> _WHAT IS BEING ASKED_
Some entries follow. Reproduce exactly the lines starting at the one with "missileshipshutterstock_533229181-scaled.jpg" and stopping after the one with "幸運女神 愛藏版 12 (首刷附錄版)".

★ ★ ★ ★

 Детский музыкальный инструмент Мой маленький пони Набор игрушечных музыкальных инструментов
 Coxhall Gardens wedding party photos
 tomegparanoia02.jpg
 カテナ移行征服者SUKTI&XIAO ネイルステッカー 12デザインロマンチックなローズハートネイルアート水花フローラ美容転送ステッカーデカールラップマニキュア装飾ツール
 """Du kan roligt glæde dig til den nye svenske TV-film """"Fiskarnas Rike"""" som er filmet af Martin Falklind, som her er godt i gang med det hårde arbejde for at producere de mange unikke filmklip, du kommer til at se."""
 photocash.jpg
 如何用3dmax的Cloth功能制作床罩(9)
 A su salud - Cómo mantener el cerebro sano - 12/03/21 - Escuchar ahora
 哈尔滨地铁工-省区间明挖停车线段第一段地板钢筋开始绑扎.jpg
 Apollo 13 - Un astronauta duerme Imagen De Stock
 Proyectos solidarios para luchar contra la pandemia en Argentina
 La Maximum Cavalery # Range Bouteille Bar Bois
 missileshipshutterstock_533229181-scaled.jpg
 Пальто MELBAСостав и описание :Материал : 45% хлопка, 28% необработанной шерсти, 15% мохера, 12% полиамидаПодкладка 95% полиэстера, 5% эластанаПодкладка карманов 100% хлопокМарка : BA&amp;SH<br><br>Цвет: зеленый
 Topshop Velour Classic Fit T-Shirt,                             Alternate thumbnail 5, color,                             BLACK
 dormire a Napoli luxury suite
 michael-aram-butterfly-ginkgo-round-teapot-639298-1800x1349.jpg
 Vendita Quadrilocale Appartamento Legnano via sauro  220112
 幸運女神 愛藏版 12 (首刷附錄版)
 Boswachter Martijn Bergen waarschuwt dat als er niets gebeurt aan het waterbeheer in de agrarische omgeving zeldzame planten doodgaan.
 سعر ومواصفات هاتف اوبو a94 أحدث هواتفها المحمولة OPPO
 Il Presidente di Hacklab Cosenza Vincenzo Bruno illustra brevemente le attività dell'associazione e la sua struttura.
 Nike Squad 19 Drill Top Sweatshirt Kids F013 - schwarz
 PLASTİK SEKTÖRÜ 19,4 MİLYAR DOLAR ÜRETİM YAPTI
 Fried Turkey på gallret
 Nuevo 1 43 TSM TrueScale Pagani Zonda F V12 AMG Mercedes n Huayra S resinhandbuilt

★ ★ ★ ★

> _EXERCISE SOLUTION_
 missileshipshutterstock_533229181-scaled.jpg
 Пальто MELBAСостав и описание :Материал : 45% хлопка, 28% необработанной шерсти, 15% мохера, 12% полиамидаПодкладка 95% полиэстера, 5% эластанаПодкладка карманов 100% хлопокМарка : BA&amp;SH<br><br>Цвет: зеленый
 Topshop Velour Classic Fit T-Shirt,                             Alternate thumbnail 5, color,                             BLACK
 dormire a Napoli luxury suite
 michael-aram-butterfly-ginkgo-round-teapot-639298-1800x1349.jpg
 Vendita Quadrilocale Appartamento Legnano via sauro  220112
 幸運女神 愛藏版 12 (首刷附錄版)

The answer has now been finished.